Adani is widely known for being close to Indian Prime Minister Narendra Modi and his ruling Bharatiya Janata Party. This has led to allegations of cronyism as his firms have won many Indian energy and infrastructure government contracts. An Indian government auditor accused Modi in 2012 of giving low cost fuel from a Gujarat state-run gas company to Adani and other businesspeople, during Modi's chief ministership of the state.

Adani and Modi have both denied allegations of cronyism. The Economist has described Adani as "a master operator", skilled at "navigating the complicated legal and political landscape of Indian capitalism," although the magazine cautions that his firm is known for its "Byzantine" structure and opaque finances.

The Resurgent Group of Gujarat (RGG) was founded as a rival organisation by local businessmen with Adani as its chairman, after leaders of the Confederation of Indian Industry (CII) criticized Modi's management of the 2002 Gujarat riots.

==Personal life==
Gautam Adani married Priti Vora, a dentist, in 1986 and has two sons, Karan and Jeet. Priti Adani is the chairperson of Adani Group’s philanthropic arm, the Adani Foundation. Karan is CEO of Adani Ports & SEZ. Jeet leads the Adani Airports business and the Adani Digital Labs.

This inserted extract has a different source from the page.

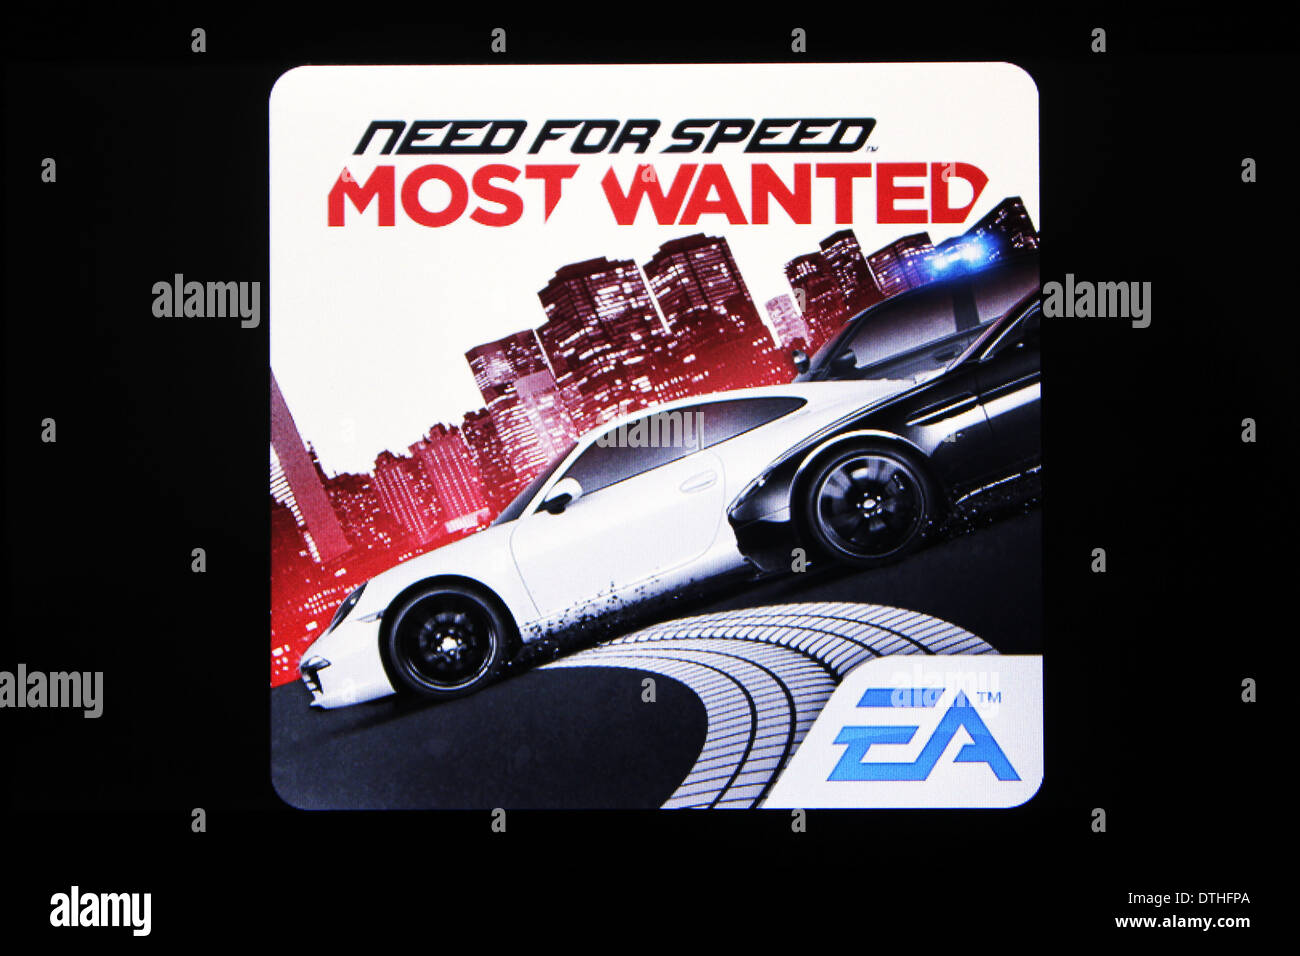 Need for speed most wanted logo EA sports Stock Photo
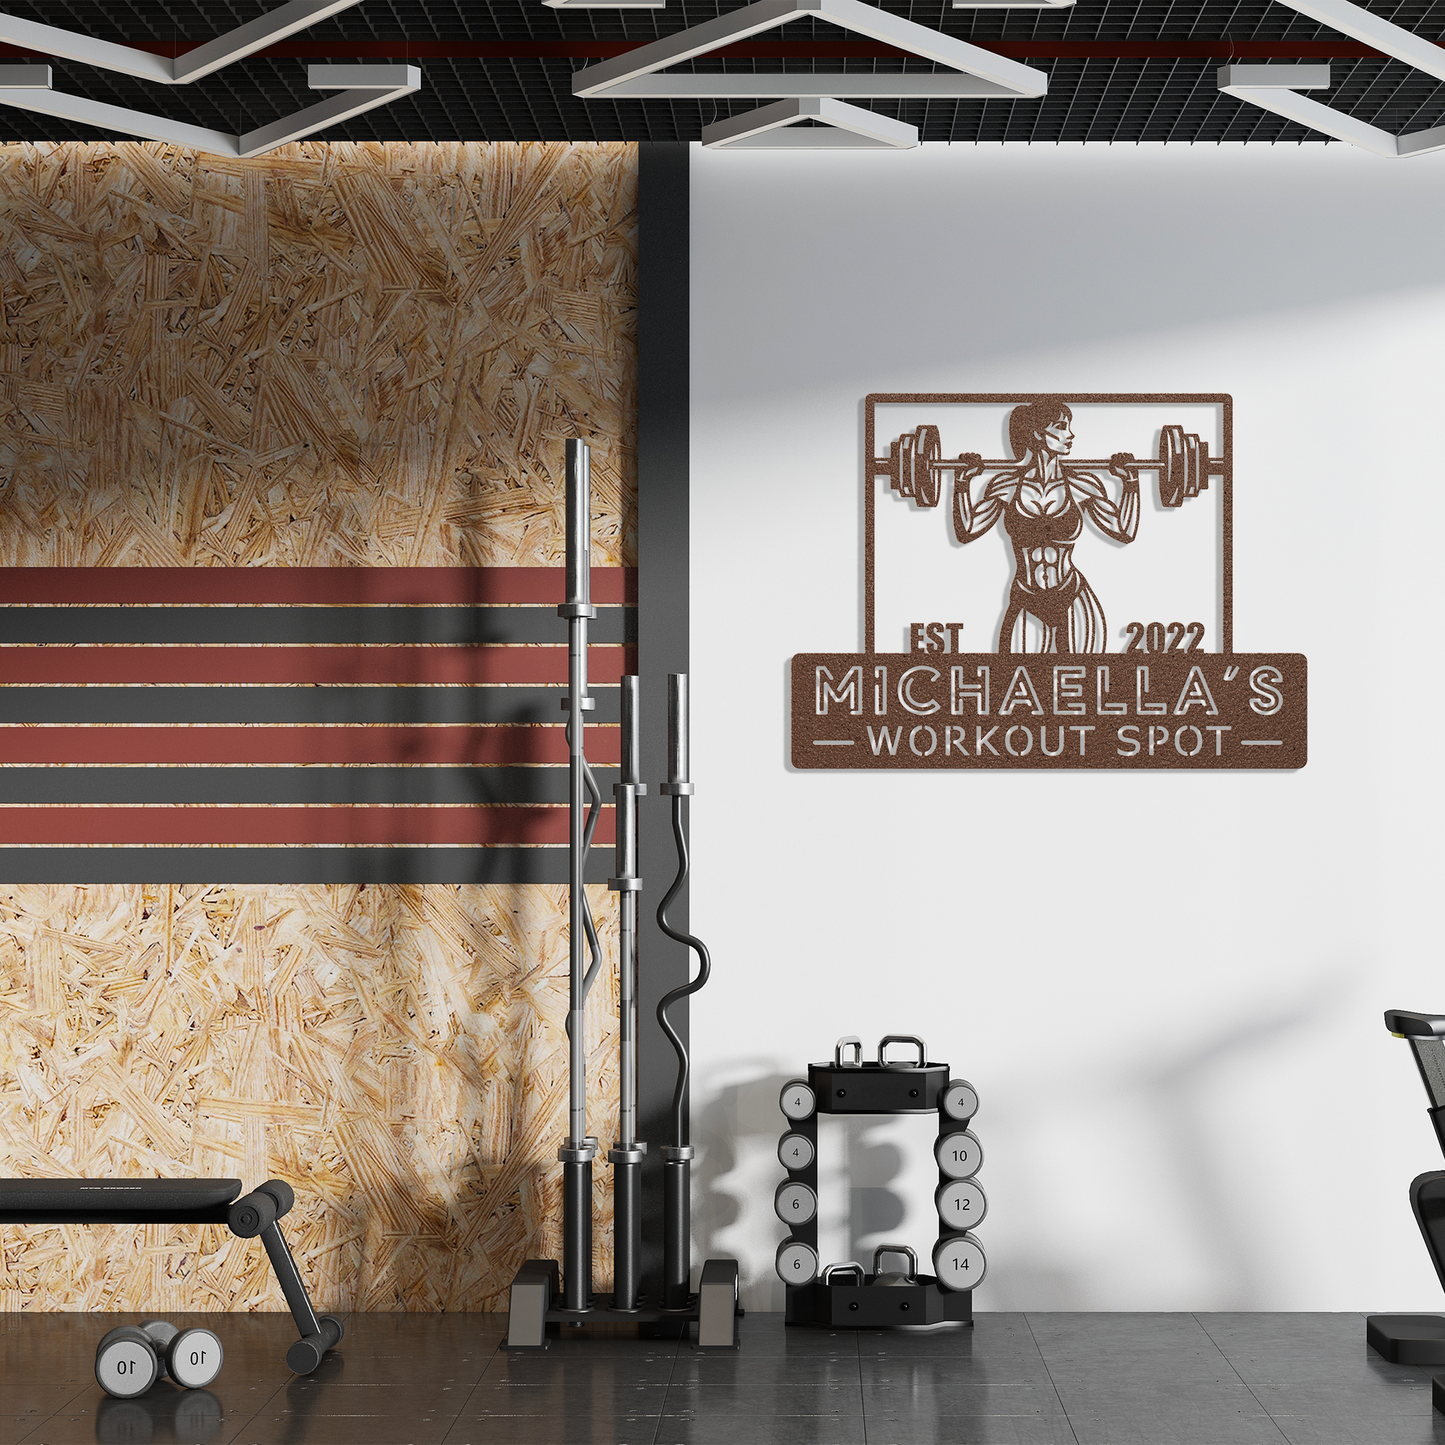 Gym Custom Metal Sign Home Gym Decor Fitness Gift Bodybuilding, Weightlifting

In January 1998, Adani and an associate, Shantilal Patel, were allegedly abducted and held hostage for ransom. Two former gangsters Fazl-ur-Rehman and Bhogilal Darji, were accused of the kidnapping. They were acquitted in an Indian court in 2018, after Adani and Patel did not show up for depositions, despite multiple summons by the court.

Adani was in the restaurant of Taj Mahal Palace Hotel in Mumbai having dinner with the CEO of Dubai Ports at 21:50 on 26 November 2008 when the hotel was attacked by terrorists. The terrorists were only 15 ft away from them. Adani hid in the hotel kitchen and later in the toilet and came out safely at 08:45 the next day.

In February 2022, he became Asia's richest person, surpassing Mukesh Ambani, and in August 2022, he was named the 3rd richest person in the world by Fortune.

In June 2026, he become Asia's richest man again.